# Hello



## jgodel77 (Jul 23, 2013)

Hello everyone, my name's Joey and I joined this forum to meet other cat lovers and hopefully get answers to alot of questions that I might have. I recently lost my Sphynx baby a few months back and am considering getting another cat later on in the year. I mainly joined the forum to see if there was any information on specific breeds. I am struggling between choosing an Oriental, a Siamese, a Devon Rex or a Cornish Rex. I know I want one of those but I'm not sure which one yet, I've never owned a Cornish Rex, a Devon Rex or an Oriental so I'm not sure about their temperaments. I used to have a wedge-head Siamese at one time and he was by far one of the sweetest cats I ever had. So I know that if I go with a Siamese I'm guaranteed a very sweet cat. Yet I cant help to feel like I might want something else, maybe something a bit different? Any suggestions?


----------



## marie73 (Jul 12, 2006)

jgodel77 said:


> So I know that if I go with a Siamese I'm guaranteed a very sweet cat.
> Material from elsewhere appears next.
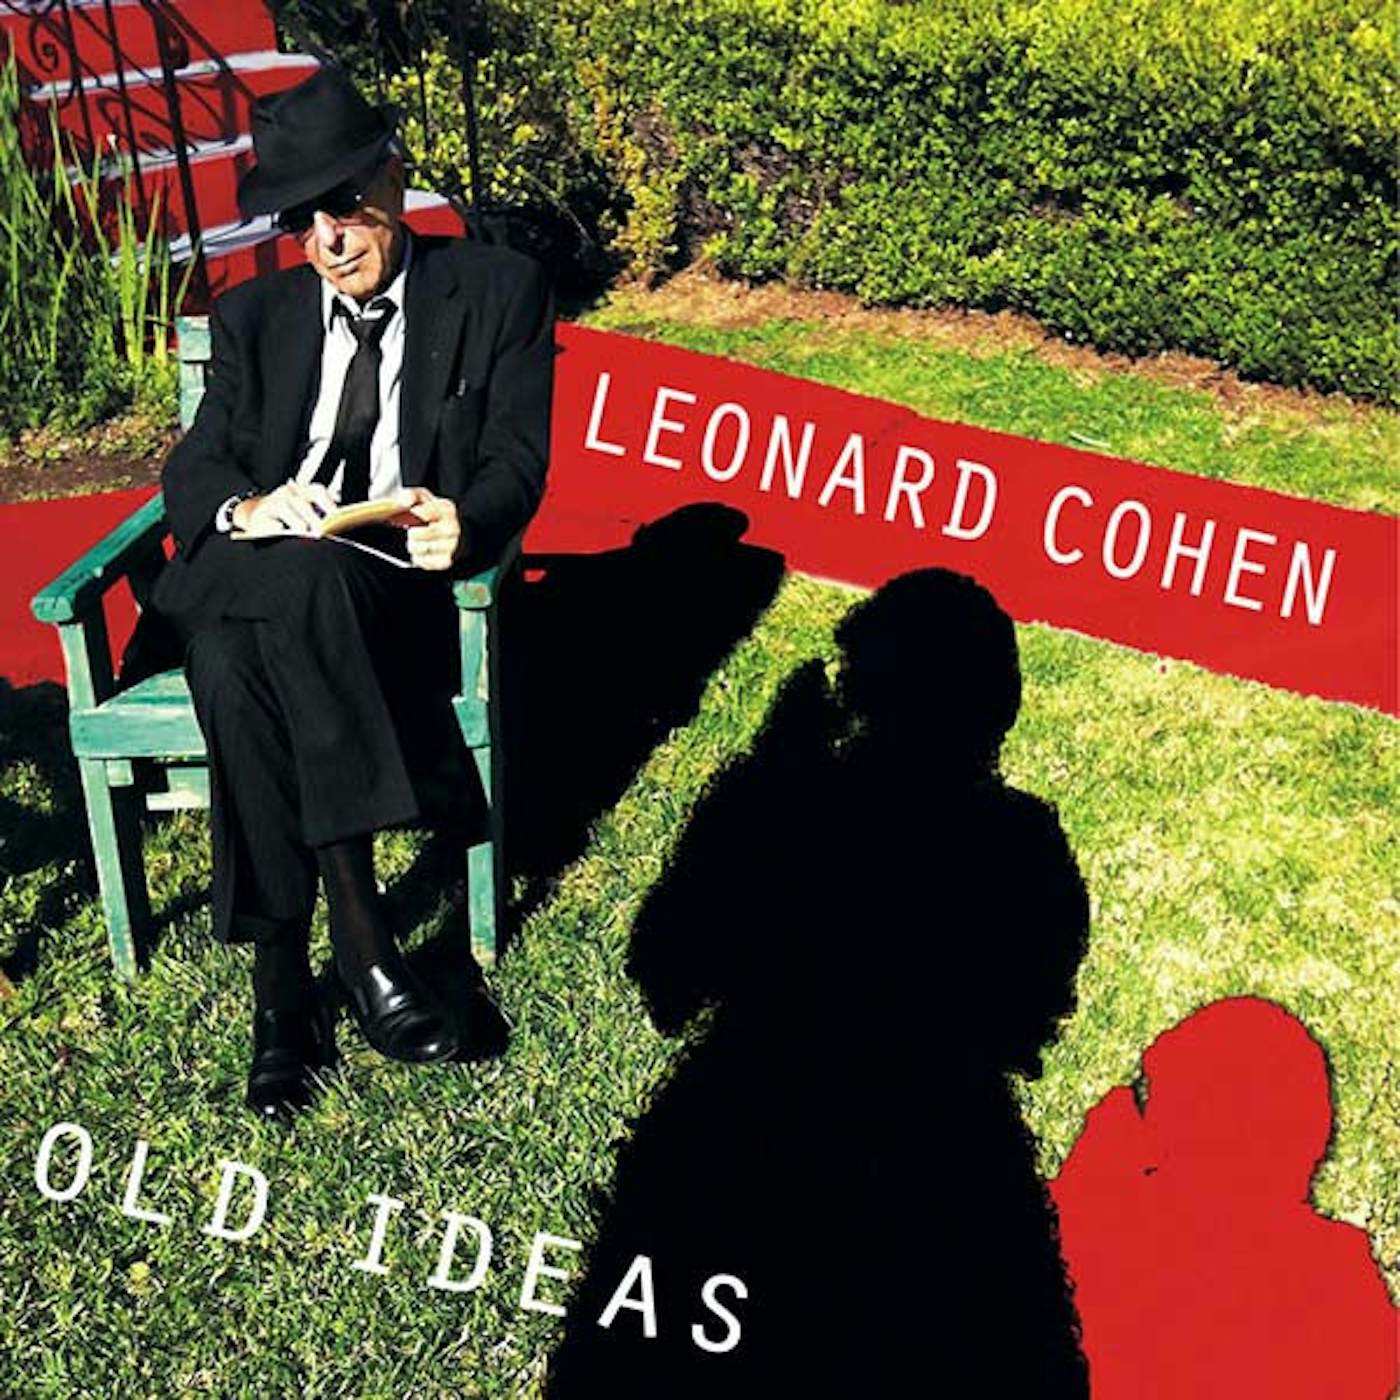 Leonard Cohen Old Ideas CD
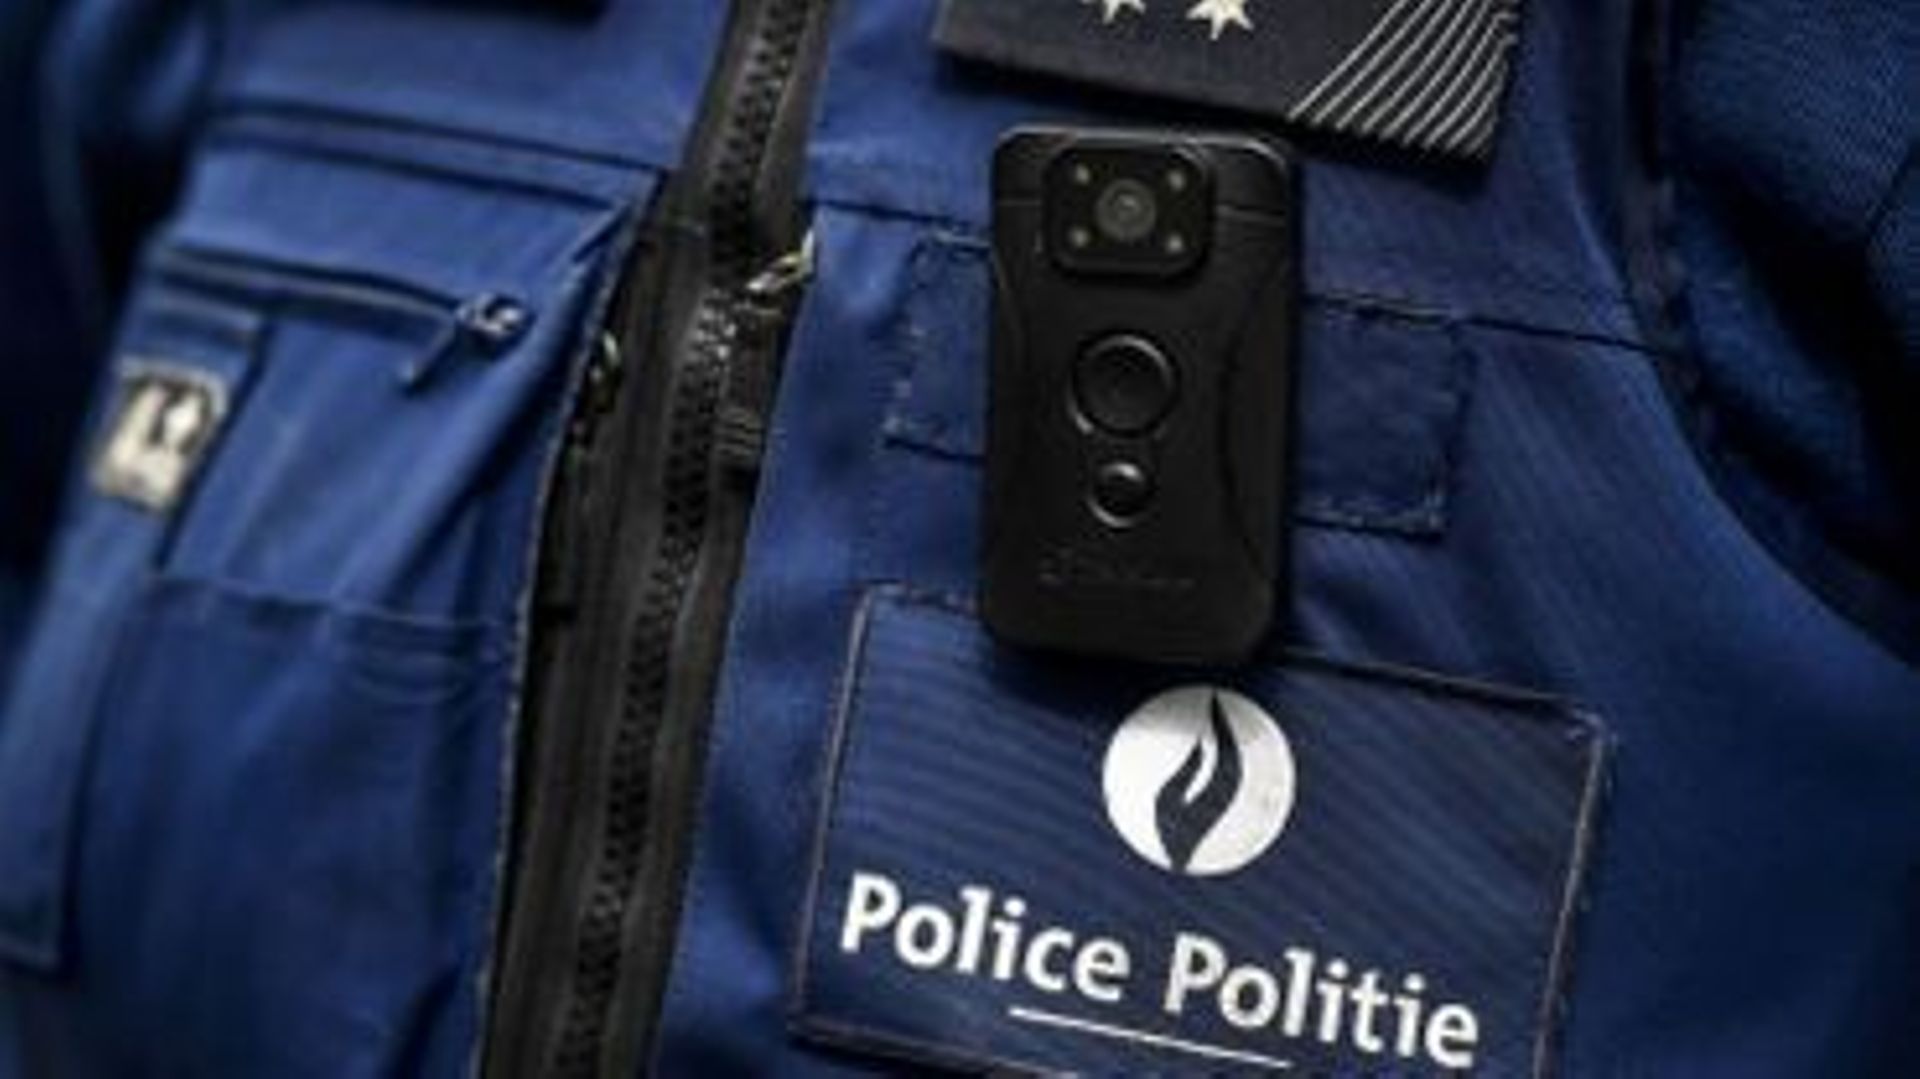 La police de Namur fait l'acquisition de 90 bodycams

Nothing is guaranteed with cats, every one has their own personality. You should do a search for "siamese" in the behavior forum and see what fun threads pop up. :grin:


----------



## spotty cats (Sep 23, 2011)

Talk to the breeders, they'll know the personality and temperaments of their cats. I know all my cats and kittens bred meet the standard breed description.


----------



## howsefrau32 (Mar 6, 2013)

I love Siamese cats, want to own one someday, it's my dream cat  I know someone who has 3 Siamese cats and if you've had one before, I guess you know how vocal they are. When this girls 3 cats are all mewing at the same time, it is SO loud, but I find it hysterical and it doesn't bother me. I have an all black cat that acts just like a Siamese cat, he is very, very loud and whiny. I think he would drive some people crazy, and I think Siamese cats would drive some people crazy with how loud they are, but it doesn't bother me. I find them fascinating. I don't know anything at all about the different types that you listed, but I am very anxious to see what you get


----------



## NebraskaCat (Jan 15, 2013)

Joey, I'm sorry for your recent loss of your little friend.

There are some cat breeders and former breeders on the forum membership (like Spotty Cats) who can give good information regarding breeds and breed characteristics.

I would also like to put in a brief plug for shelter cats. You get to interact with them in advance so you have an idea of personality (but like Marie73 said, there are no guarantees). When touring shelters and interacting with cats there, you will see many combinations of characteristics and dispositions, some very closely resembling specific breeds. Shelter cats are usually less expensive. And best of all, the cat gets to have a say in the selection process.

That was just my $0.02.


----------



## howsefrau32 (Mar 6, 2013)

THis is why as much as I want an adorable ragdoll or fluffy himalayan, I probably couldn't do it.....pick one over a shelter cat. I never get a chance to go look at a shelter though......these cats keep finding me!


----------



## catloverami (Jul 5, 2010)

There's a big difference between Cornish Rex and Devon Rex in personality and looks....the Devons have that pixie-look to their faces, whereas the Cornish head is more like the Orientals and Siamese. My Devon Rex breeder was a former Cornish Rex breeder, but she found them too active, and "off the wall", and switched to breeding Devons, which are active, curious, loving, but because of British Shorthair used in their breeding background, gives them a more quiet and calm personality than a Cornish Rex. From my observation Siamese are more talkative and a little more active than Devons, and but not as much as a Cornish Rex.


----------